Mix 500g flour with active dry yeast, 250g butter, 3 eggs, 70g sugar and ¼ l of milk and beat for at least 10 minutes. Then put the dough in a warm place to rest for an hour. As soon as it has doubled its volume, cut it in small dumplings, fill them with a special plum jam (Zwetschkenröster) or sweetened cottage cheese, then dip the dumpling in melted butter and fill a square baking tray with the dumplings. Let the dish rest in a warm place for half an hour before baking in the oven until the dumplings are golden. Serve them still warm.

“Krautfleckerl”

Cook 250g small square noodle pasta “al dente”. Meanwhile slice half a white cabbage thinly. Heat a little lard, add a little sugar and cumin. Then fry the white cabbage until it is brown, add pepper and salt and in the end mix it with the small pasta noodles.

“Sulz”

Fill a pressure cooker with: 4 pig’s feet, and a pig’s tail, 400g tender pork meat, an onion, two garlic cloves, salt, pepper, 1/8 l of vinegar, a carrot, some celery, some parsley and fill the pot with water until everything is totally covered. Cook in the pressure cooker for an hour. Then pour the liquid into a porcelain bowl through a sieve and cut up the meat in small slices together with some of the jellied skin of the pig and stir it into the liquid. Put it into the fridge overnight. When solid, cut it up in slices and serve with thinly sliced onions and a little bit of vinegar and sunflower oil.

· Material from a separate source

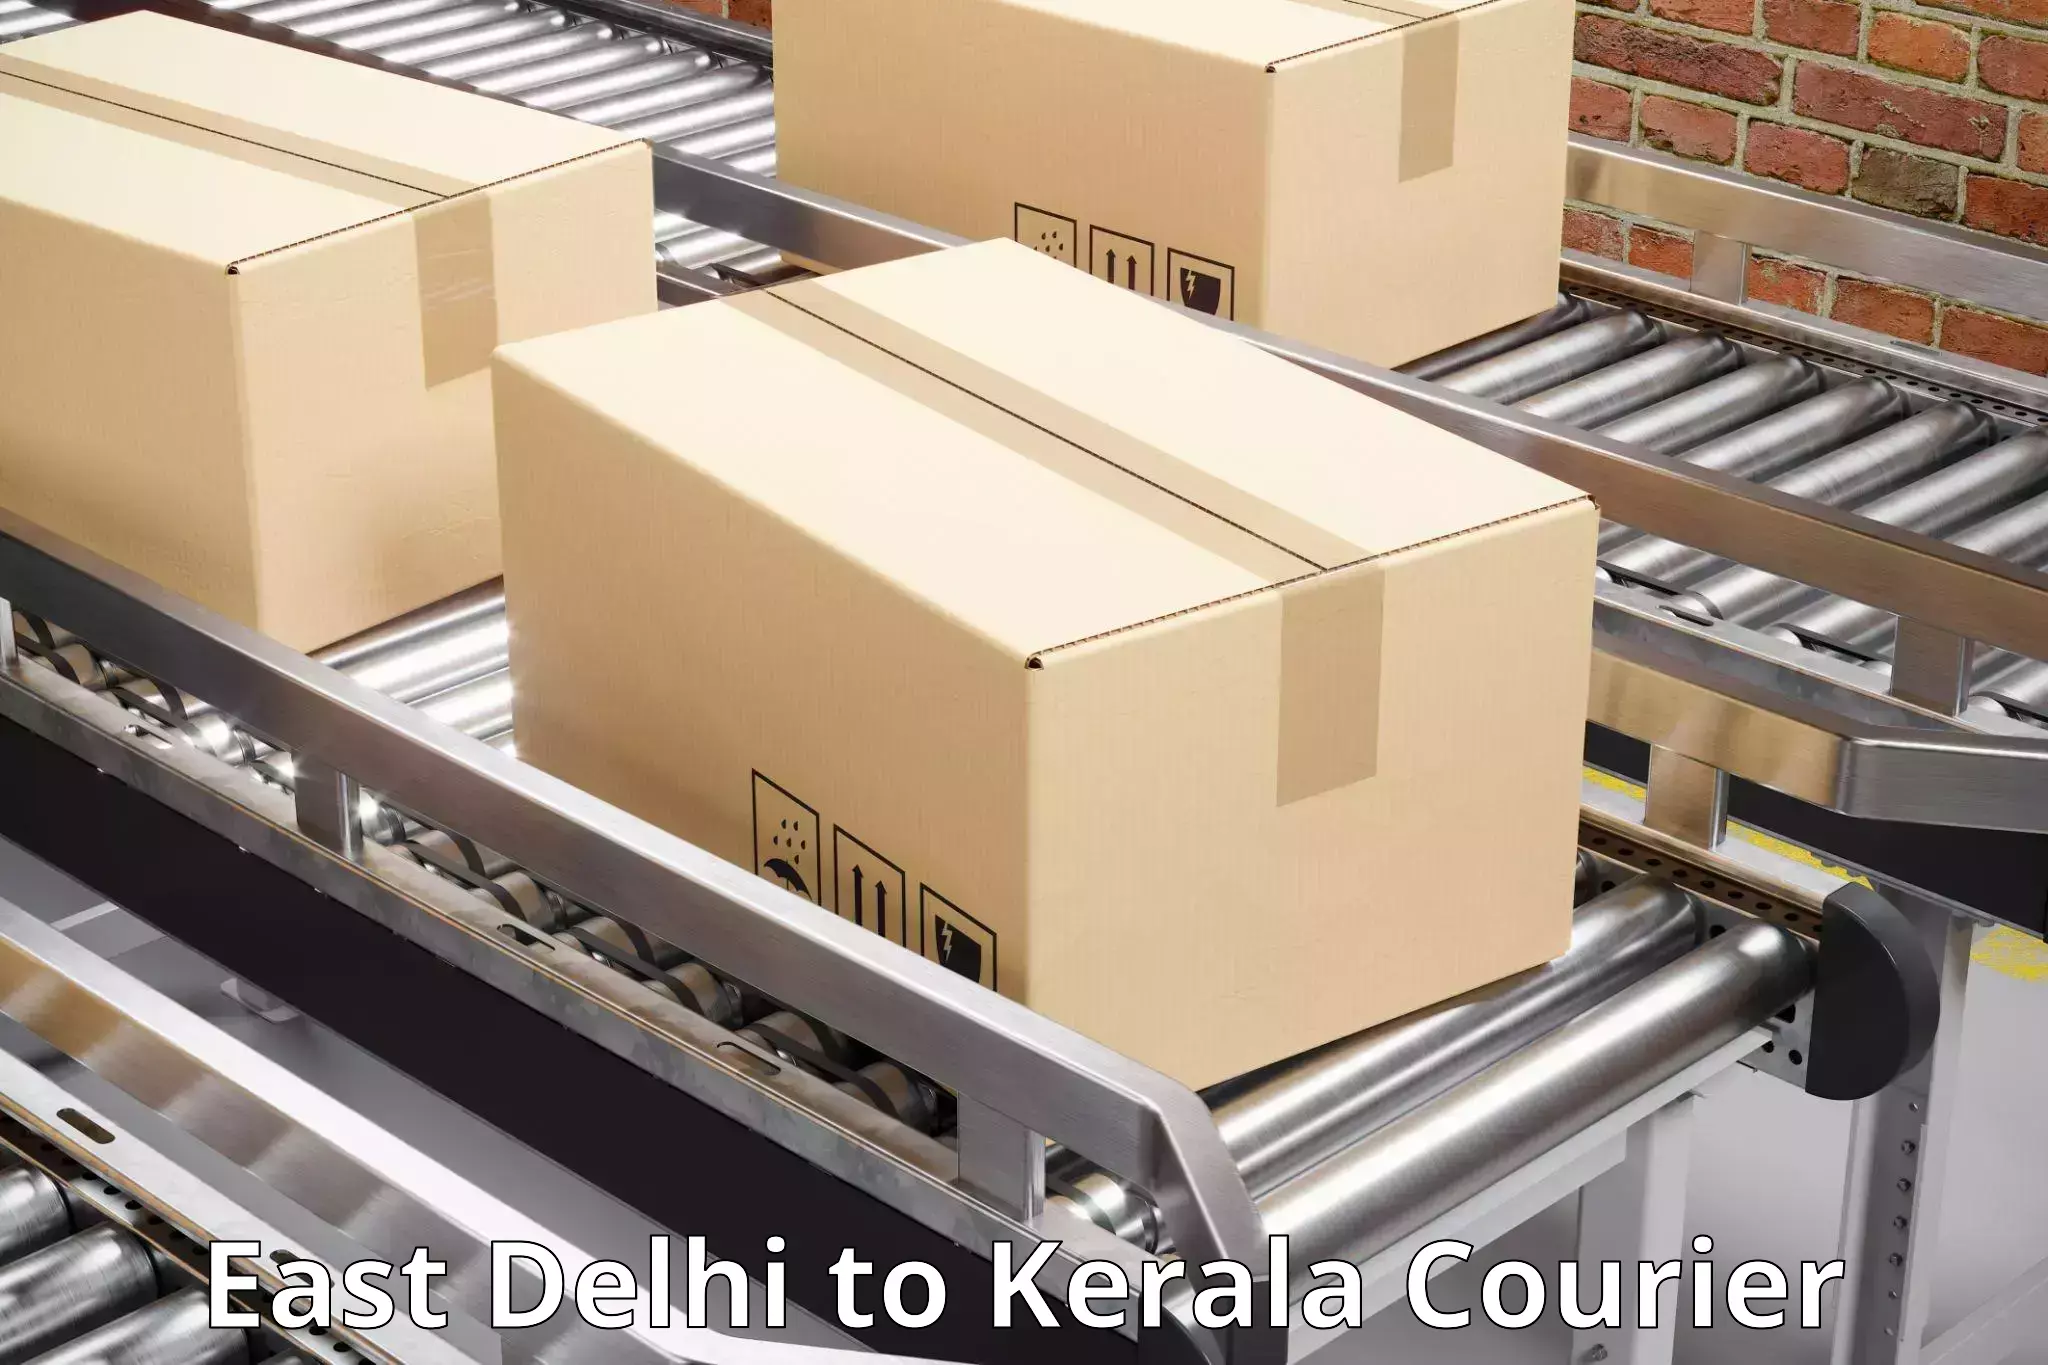 Logistics efficiency in East Delhi to Ernakulam

Menu card of the coffee house and restaurant in the suburb Leopoldstadt, Prater “Konstantinhügel” , 1927

In some Viennese coffee house coffee was formerly made in the traditional porcelain “Karlsbader” coffee makers – widespread in the Austro-Hungarian Empire. Two of my grandmother’s “Karlsbaders” have survived. When preparing the coffee, she added a pinch of salt and a spoonful of cacao to the ground coffee beans in the porcelain sieve before slowly pouring the boiling water over it.